Seventh Circuit Cleans Up the “Other Bad Acts” Mess (a Little)

Posted on Categories Criminal Law & Process, Evidence, Federal Criminal Law & Process, Seventh Circuit

I’ve blogged on a number of occasions about the messy state of the law relating to the admissibility of “other bad acts” evidence (e.g., here and here).  Federal Rule of Evidence 404(b) indicates that other bad acts may not be used against a criminal defendant to show bad character or a propensity to commit crime.  However, the Rule includes a number of exceptions, and courts have not only tended to interpret those exceptions expansively, but have also recognized an additional exception for evidence that is “inextricably intertwined” with proof of a charged offense.

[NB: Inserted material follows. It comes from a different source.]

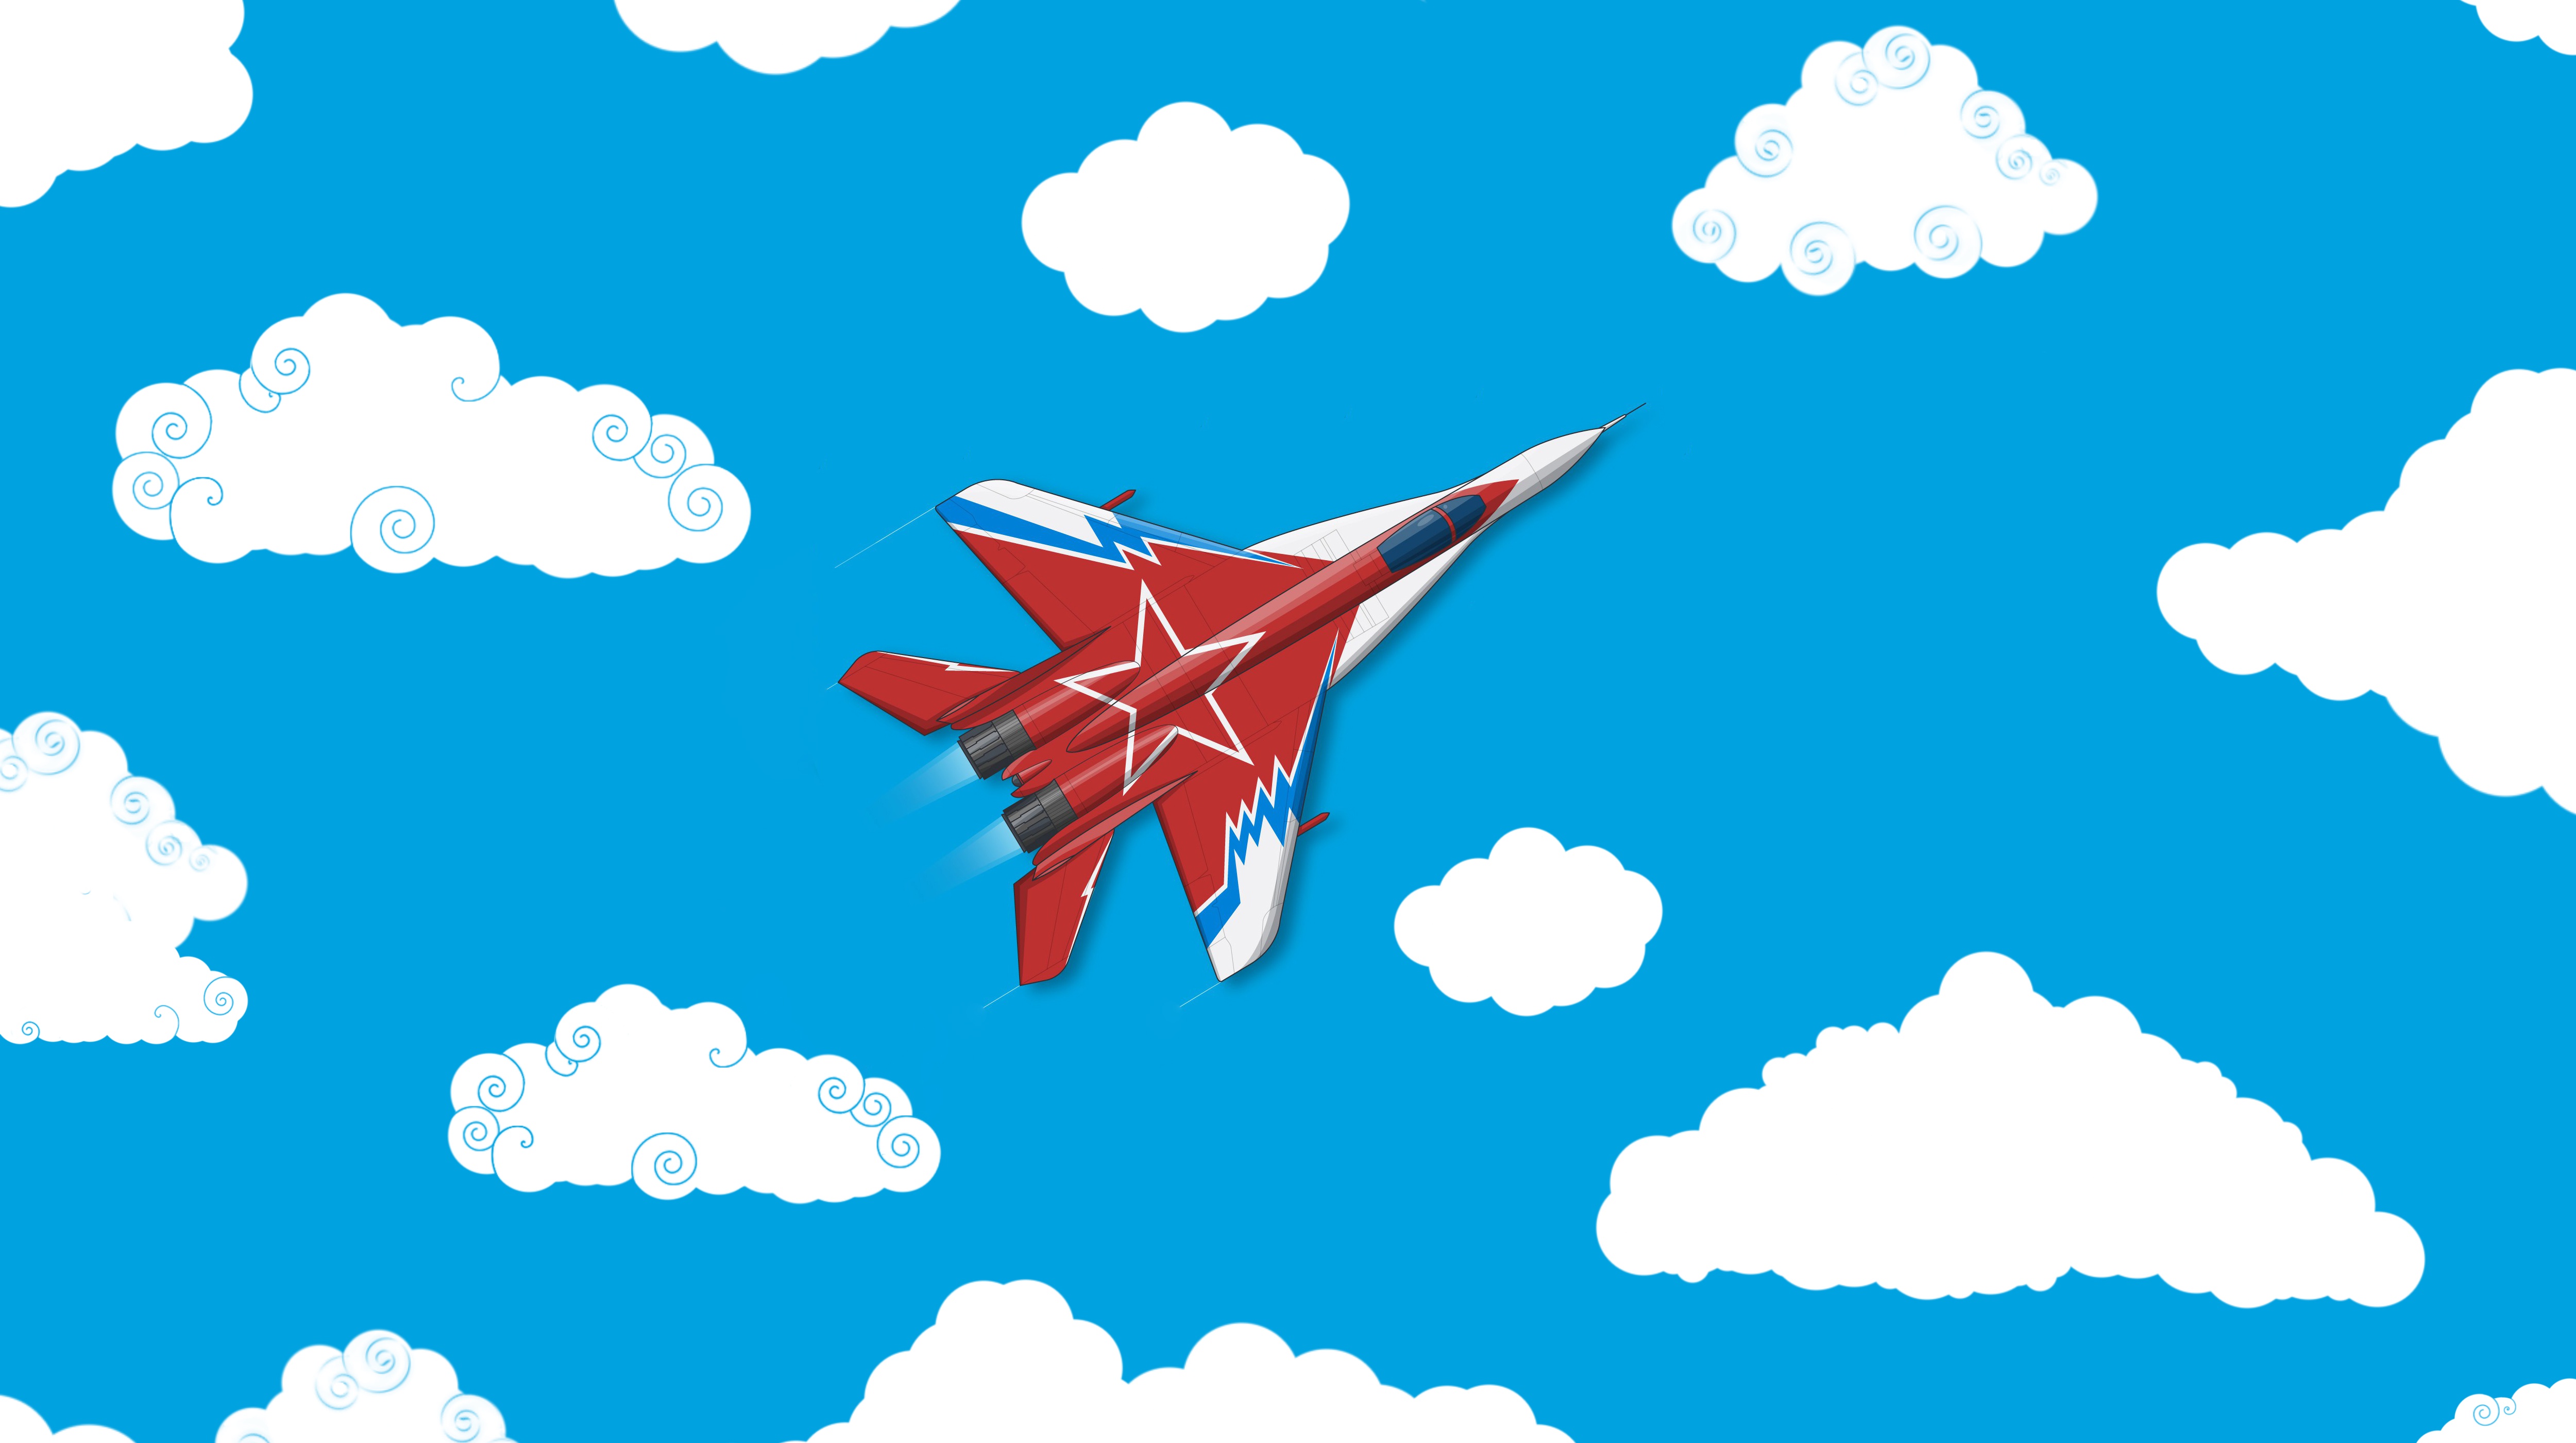 General 5000x2800 artwork military aircraft aircraft red star Mikoyan MiG-29 vehicle military vehicle military jet fighter Russian Air Force minimalism simple background airplane clouds sky

Given the expansively interpreted exceptions set forth in Rule 404(b) itself, the inextricable intertwinement exception seemed to me an unnecessary and confusing addition to the law.  The Seventh Circuit has now indicated its agreement with that view.  

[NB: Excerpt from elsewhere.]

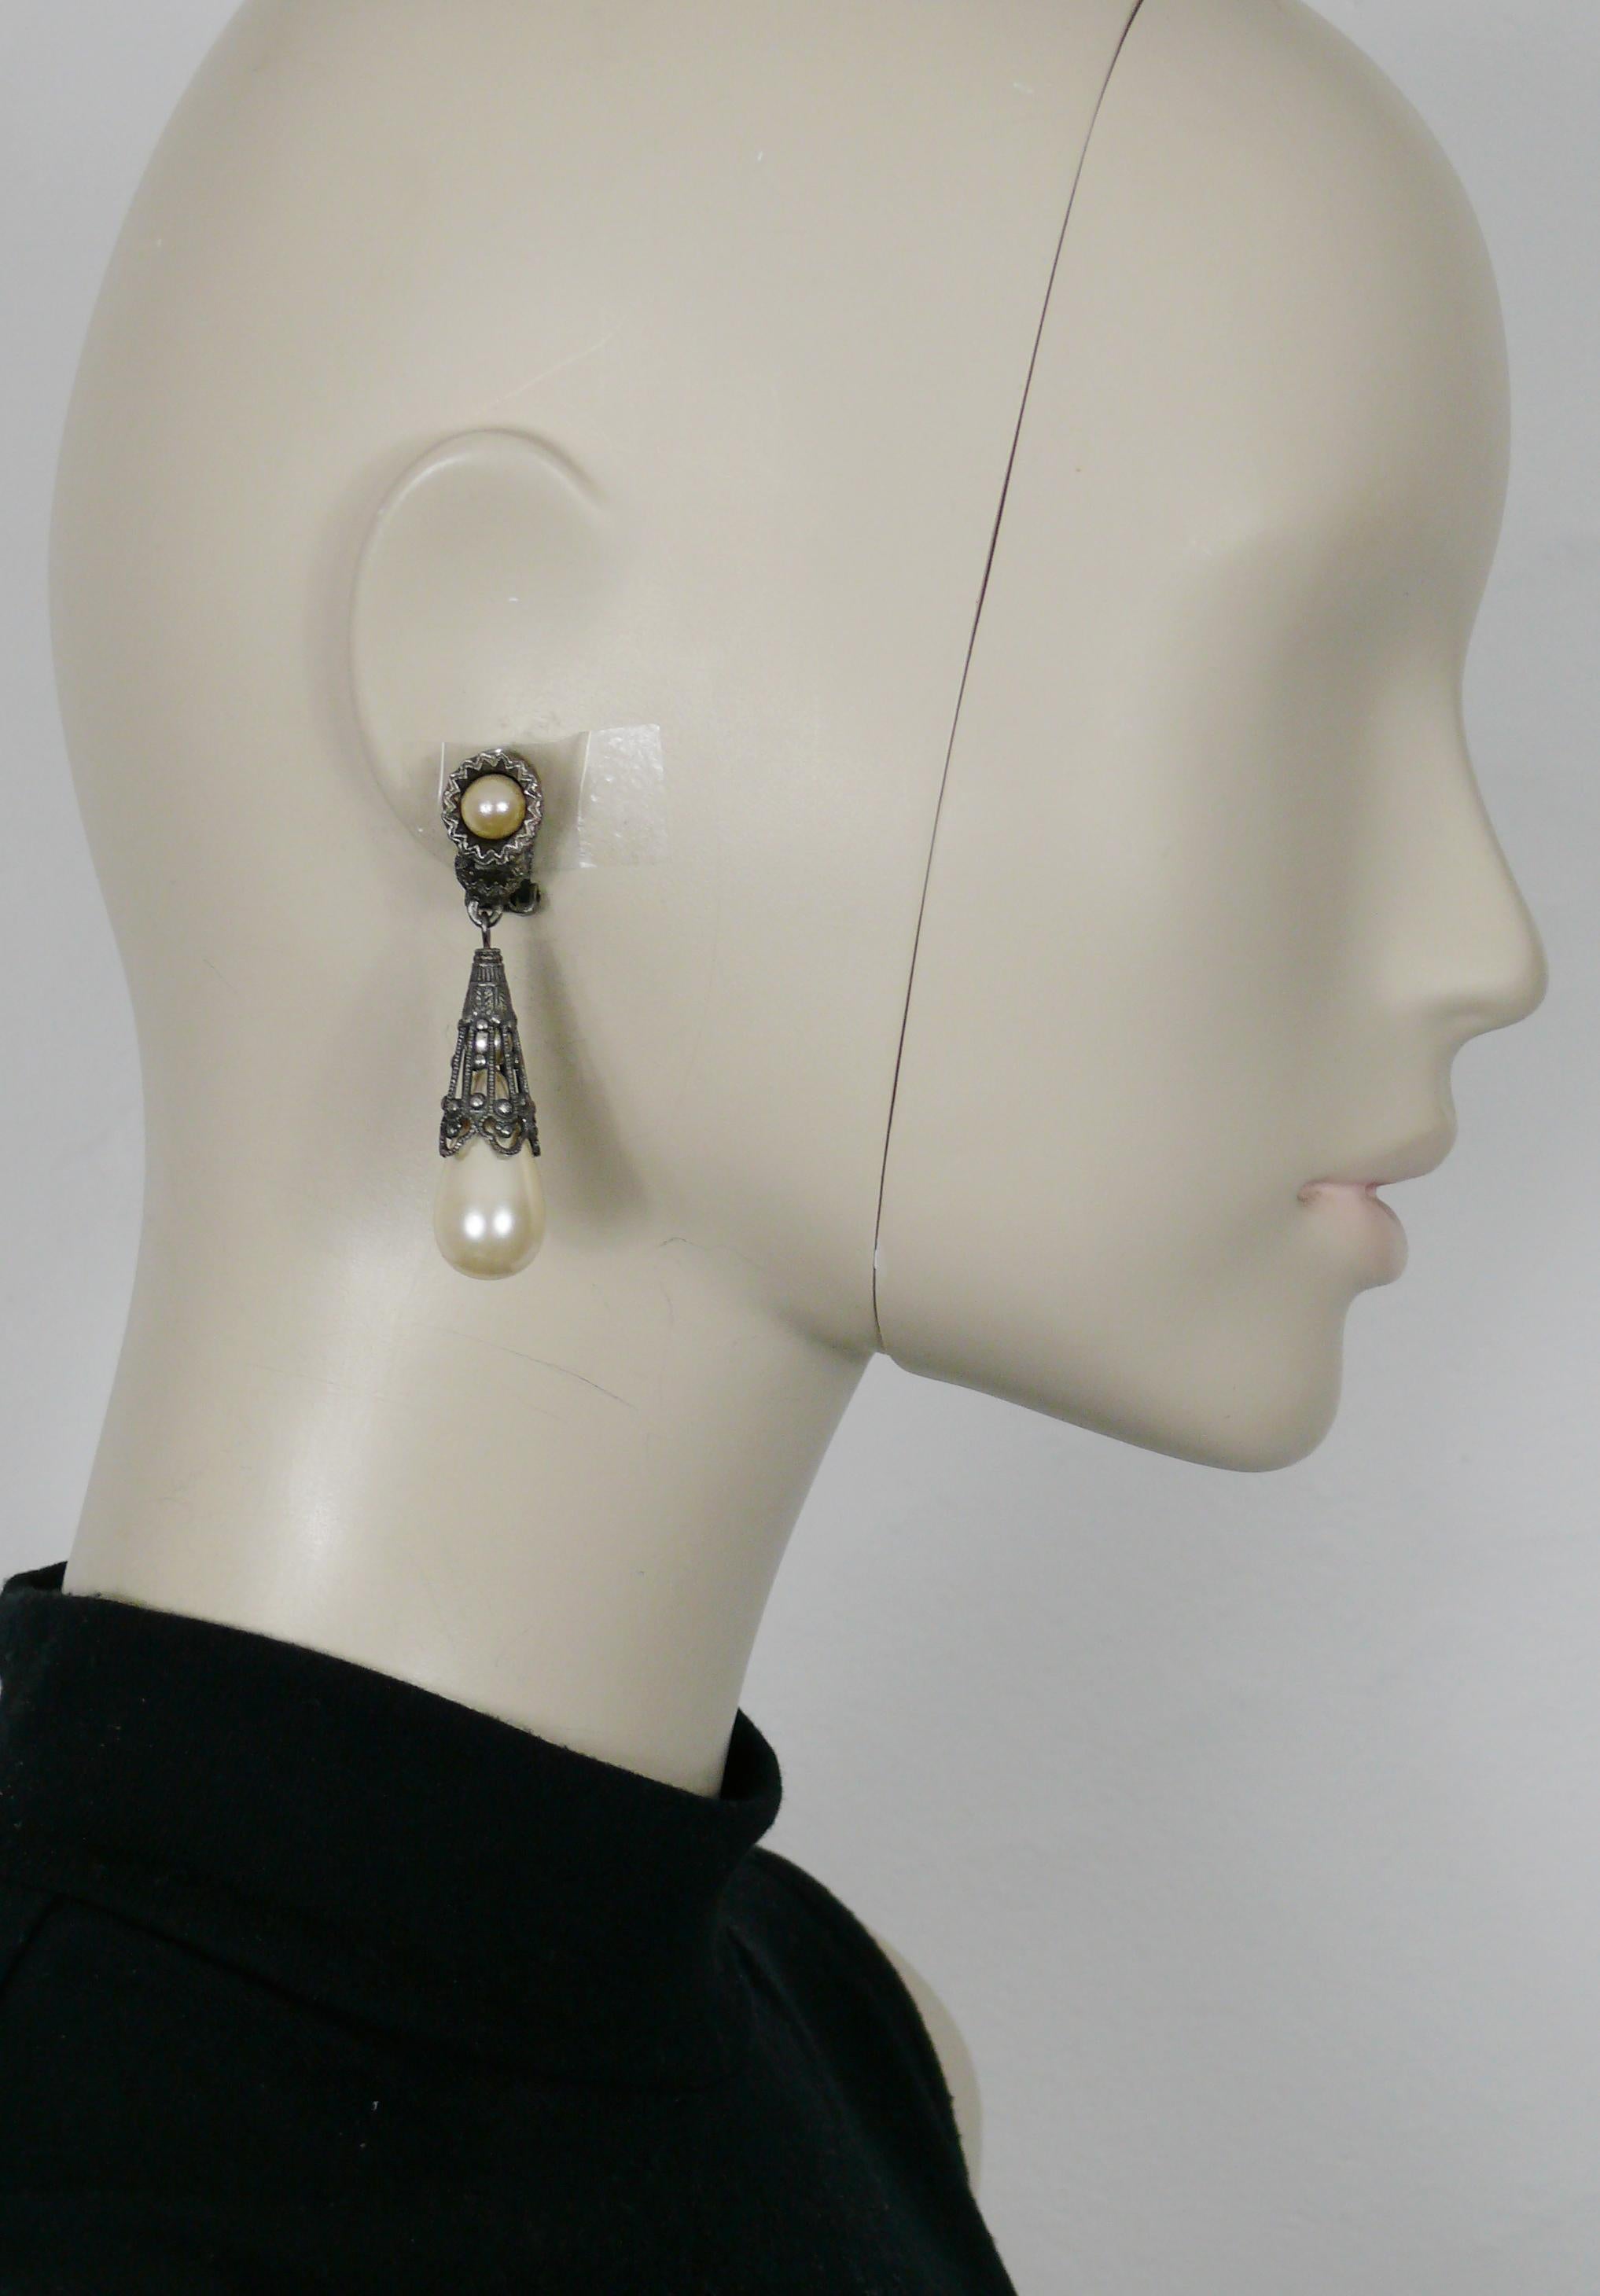 CHRISTIAN DIOR vintage oxidized gun patina dangling earrings (clip-on) embellished with faux pearls.

Marked CHR. DIOR Germany.

Indicative measurements : height approx. 6.1 cm (2.40 inches) / max width approx.  1.3 cm (0.51 inch).

Weight per

In United States v. Gorman (No. 09-3010) (Kanne, J.), the court held:

[T]he inextricable intertwinement doctrine has . . . become overused, vague, and quite unhelpful.  To ensure that there are no more doubts about the court’s position on this issue — the inextricable intertwinement doctrine has outlived its usefulness.  Henceforth, resort to inextricable intertwinement is unavailable when determining a theory of admissibility. (15-16)

The Gorman case itself illustrates why the inextricable intertwinement doctrine is unnecessary and confusing.  The government charged Gorman with perjury based on a statement he made to a grand jury in which he denied that he “had” a particular car in his garage.  At trial, the government introduced evidence that Gorman stole the car from the garage.  Gorman objected that this was evidence of another bad act (a theft) that could not properly be used against him in a trial on perjury charges.  The trial court admitted the evidence under the inextricable intertwinement rule, but, as the Seventh Circuit pointed out, the theft was really simply direct evidence that Gorman’s grand jury testimony was false — it tended to show that Gorman “had” the car that he denied having.  There was no need to figure out whether the theft evidence somehow “completed the story” (which would go to establish inextricable intertwinement).

So long, inextricable intertwinement — the alliteration makes it fun to say, but otherwise I don’t think we will miss this particular doctrine.